Australian Home Affairs Minister Comes Out For Adult Game Rating

December 6, 2010 | By Kyle Orland

December 6, 2010 | By Kyle Orland
More: Console/PC

Australian Home Affairs Minister Brendan O'Connor offered his full support for a new, adults-only R18+ video game rating in the country, placing the weight of the federal government behind the move.

O'Connor, who had previously hedged his opinion on the matter of adult ratings, writes in a Punch editorial that games deserve to be treated in the same manner as other media in the country.

"While I'm not personally a fan of Jason and the Friday the 13th [movie] series, the fact is, if you're over 18 you can watch as much of it as you like - all 12 movies if you want." he wrote. "But, when it comes to games, if the game is judged not to be suitable for people under 15 - it can't be played legally in Australia."

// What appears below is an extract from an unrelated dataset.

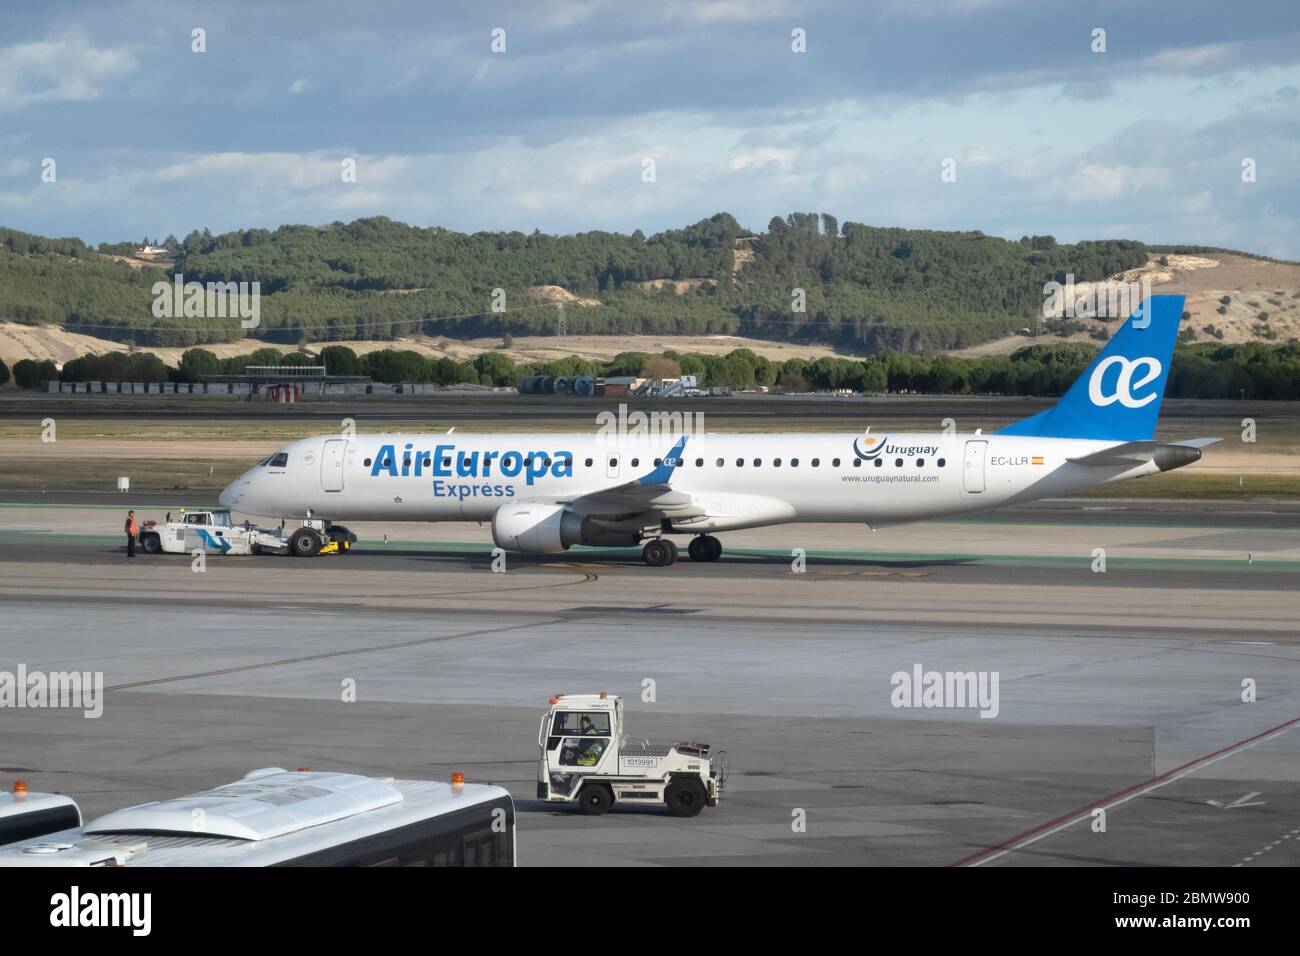 MADRID, SPAIN - May, 2020: Air Europa express plain at Madrid - Barajas Airport. Commercial plane landing or taking off from the airport after Stock Photo

The move comes after O'Connor's office released a report last week showing the scientific evidence linking youthful exposure to violent game content and real-world aggression was inconclusive.

"What evidence there is, is not strong enough to make me want to stop the millions of Australians who play games safely, responsibly, and actually have a lot of fun," O'Connor wrote.

In the Punch piece, O'Connor also suggested the new rating would remove a competitive disadvantage for Australian game companies, and said many existing games rated MA15+ in the country may merit re-classification if the new rating is put into effect.

A decision on the new rating's introduction now goes to the country's state and territory attorneys-general, all of whom must approve of the change for it to go into effect. The group is scheduled to meet to discuss the matter Friday.

South Australia Attorney General John Rau told The Adelaide Advertiser he would be open to changing his long-standing opposition to the new rating if he was convinced sufficient measures were in place to protect children from content meant for adults.

Surveys show a vast majority of Australians support the addition of the new rating.